The Direct Experience of Our Own Space of Consciousness

Right now, the James Webb Telescope is circling deeper and deeper into space, showing us incredibly beautiful images of our distant origins. Likewise, faster and faster particle accelerators are plunging deep into the nature of the energetic world in search of the constructive forces within ourselves. Consciousness itself, the source of all these possibilities, is only in the early stages of discovery by our psychological culture.

We have a unique opportunity: we all have our own variation on the theme of consciousness. And one of the variations of the more than eight billion expressions of human consciousness that currently exist, we can learn to explore directly. We have one direct entry. We can learn to discover the cognitive habits that exist within us. We can learn to see how our habits of categorization colonize our lives. And we can learn to discover the transformative space of awareness when we go beyond those habits.

And then, knowing ourselves a little better, we can choose to what extent we allow our lives to be guided by disembodied but very intelligent designs of very smart, living people guided by the business models of multinationals controlled by their investors, lobby groups, and shareholders. How can they help us build a life and a civilization that is worth living?

Understanding our ingrained habits as cognitive schemas, mental models, and categories that shape our perceptions could help us at this time. We could see the vast swamps of cognitive and emotional polarization that cause so much unnecessary suffering in our world and absorb all our resources for meaningful work, protecting life instead of destroying it in the name of old dogmas and ideologies that only benefit small groups of powerful people.

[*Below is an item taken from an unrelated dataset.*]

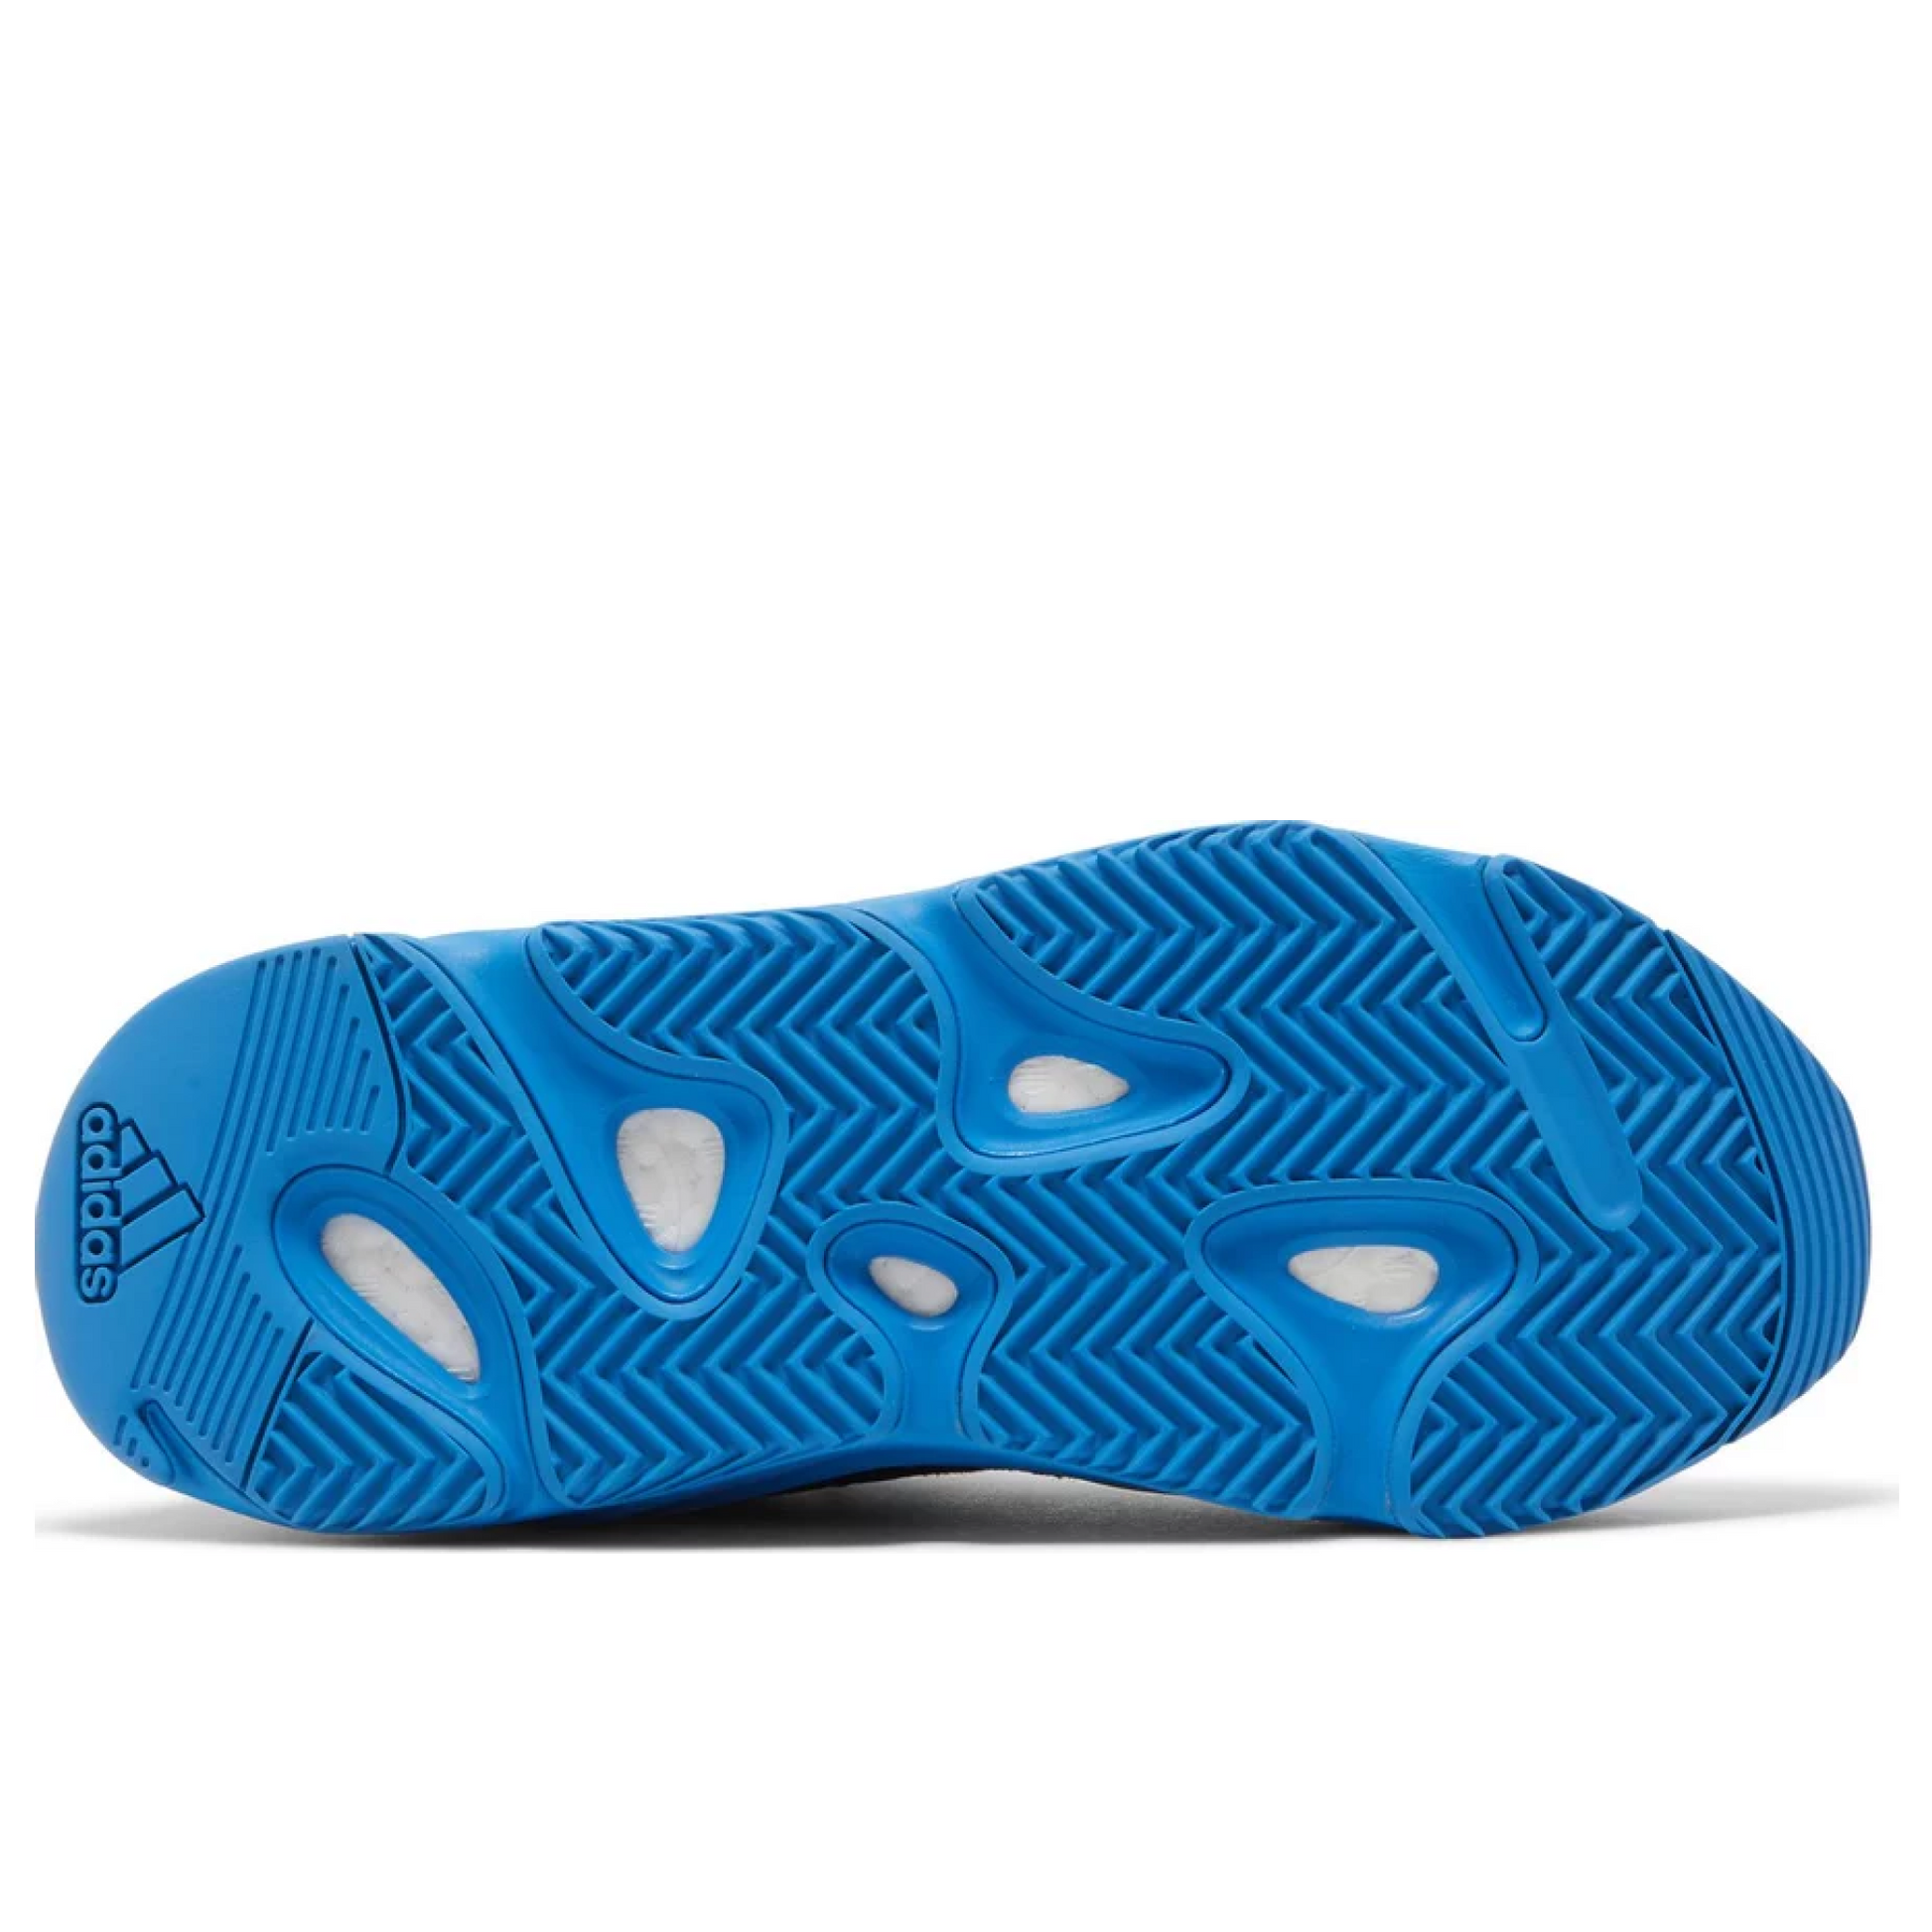 Adidas Yeezy Boost 700 Hi-Res Blue Yeezy
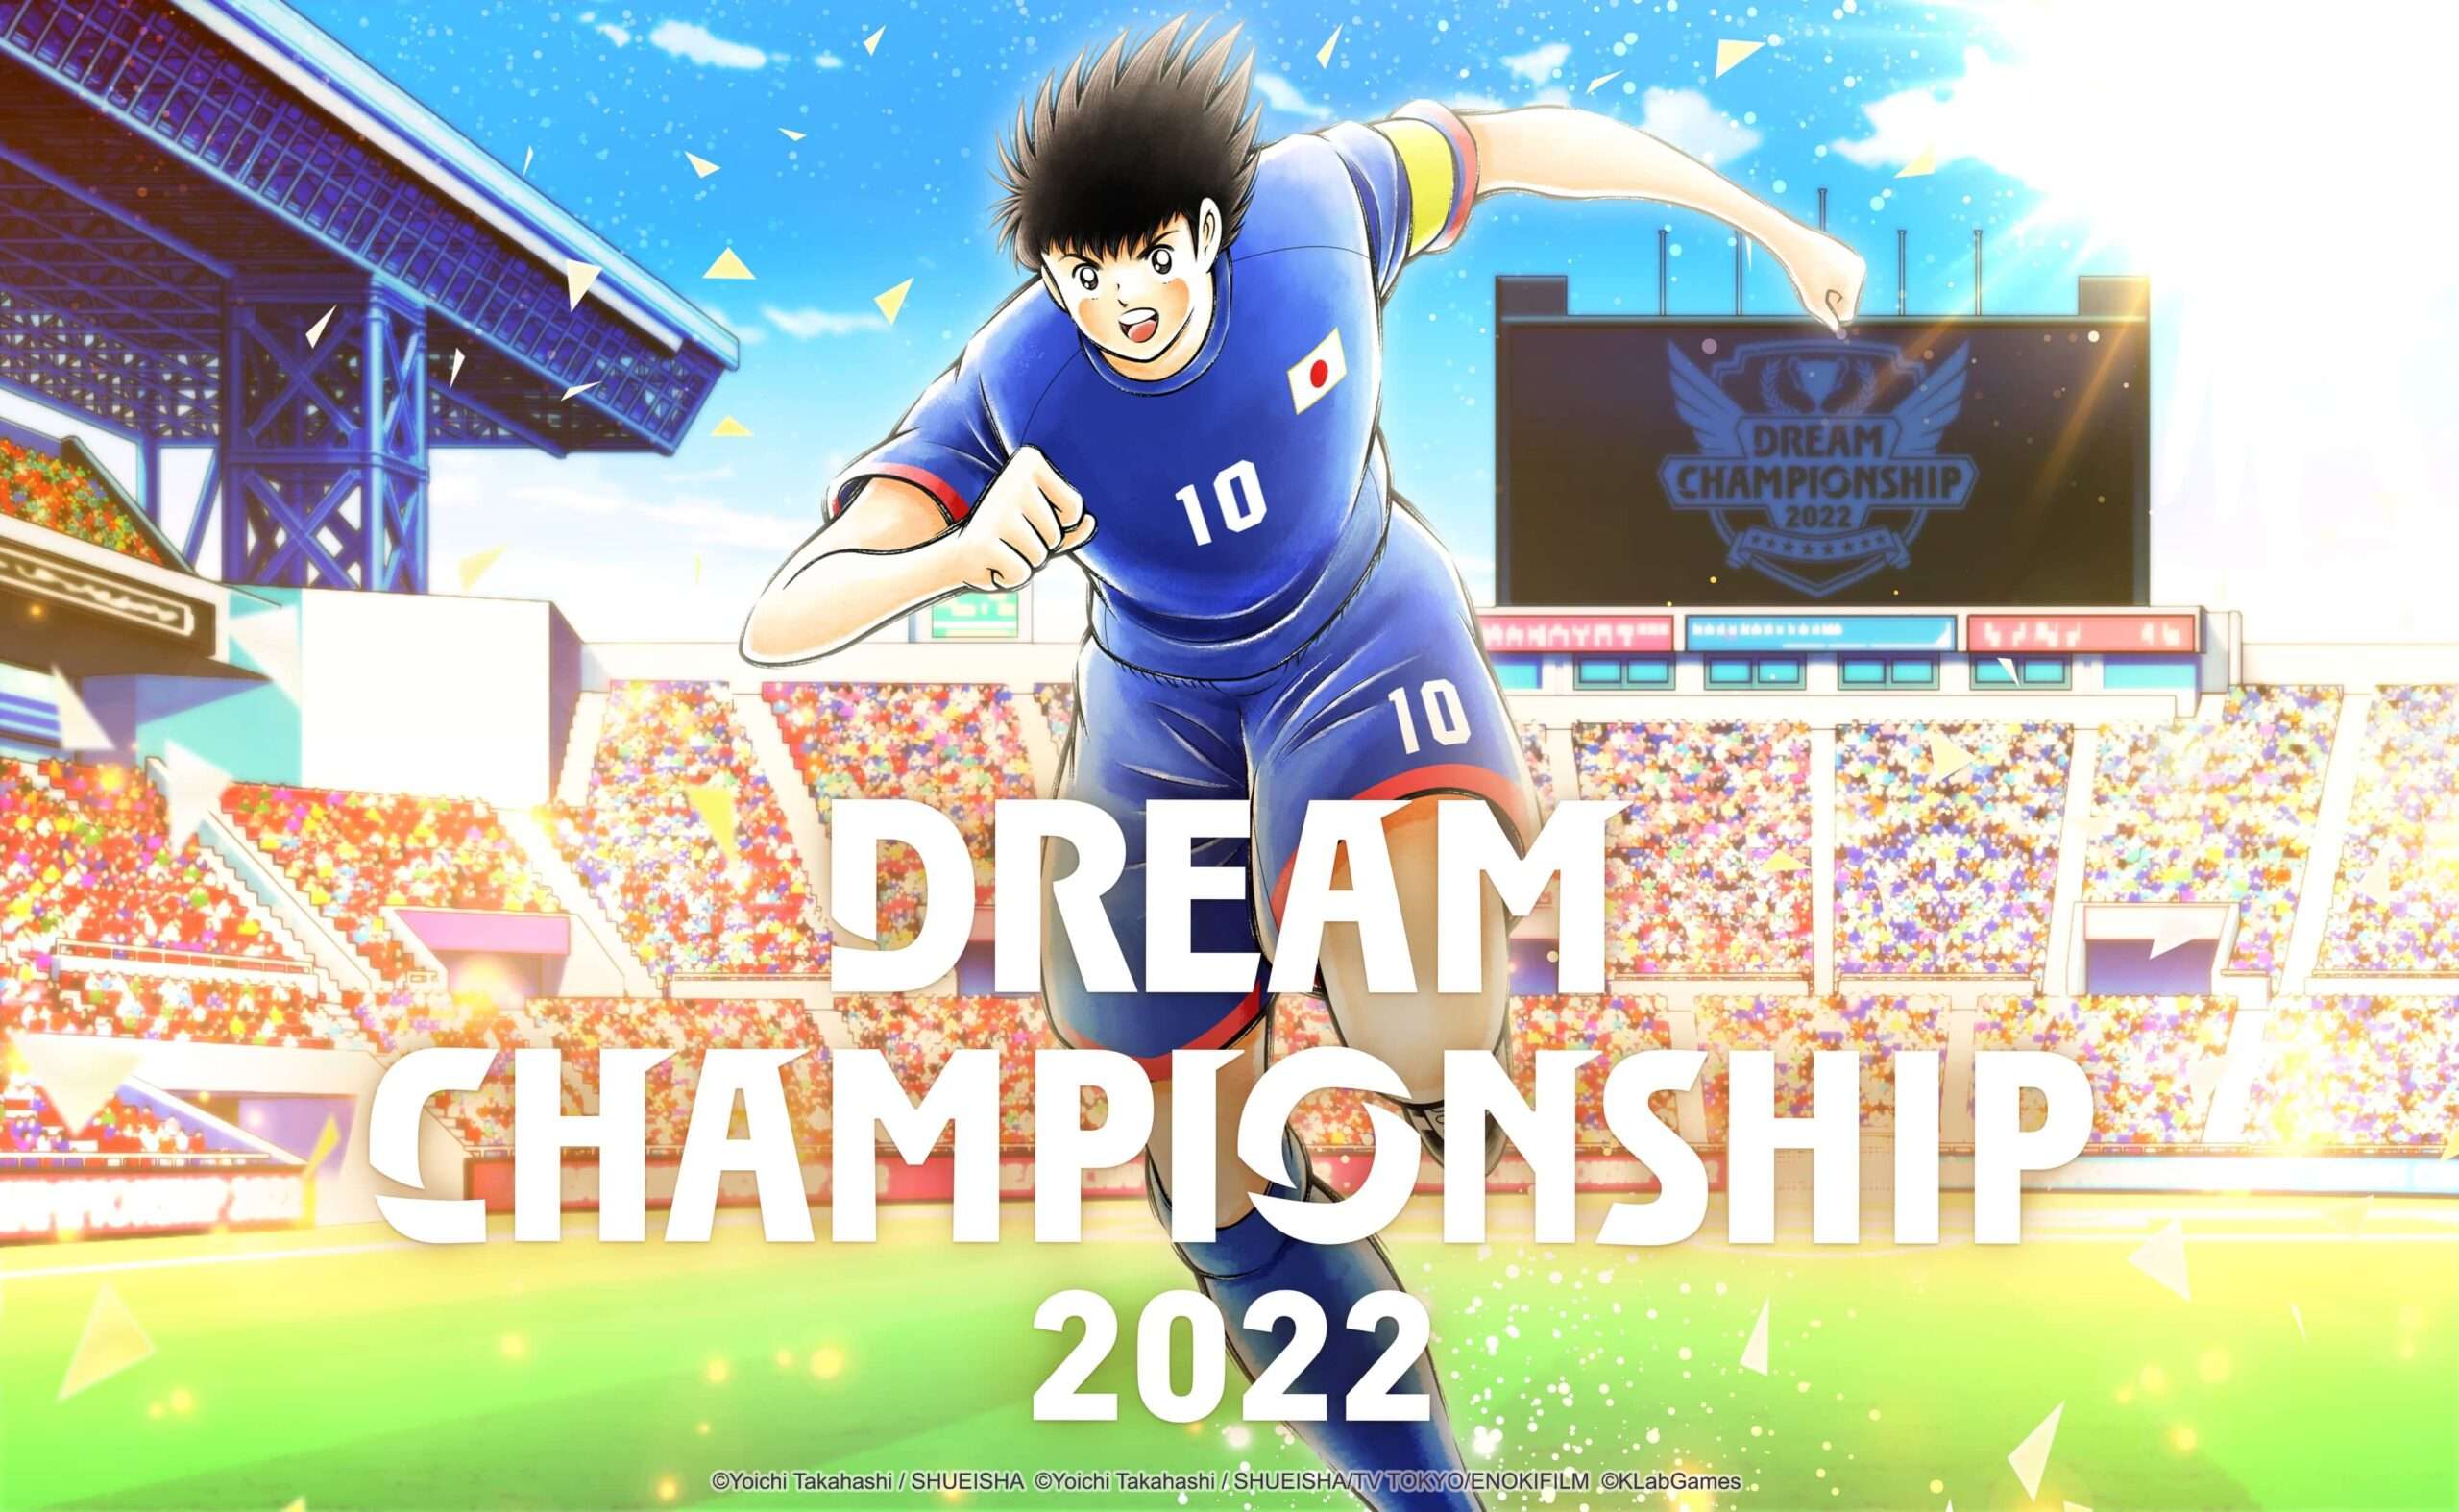 "Captain Tsubasa: Dream Team" Dream Championship 2022 Worldwide Tournament Begins in September & the Official Website Opens

Discovering the transformative power of our consciousness could usher in a revolutionary paradigm shift. Discovering what living intelligence we humans really have before we give the key to a form of non-living intelligence: What is the phenomenology of the intrinsic space through which we touch and are touched by everything that exists? Isn’t that the transformative power of human consciousness? Isn’t that our free will to become who we really are?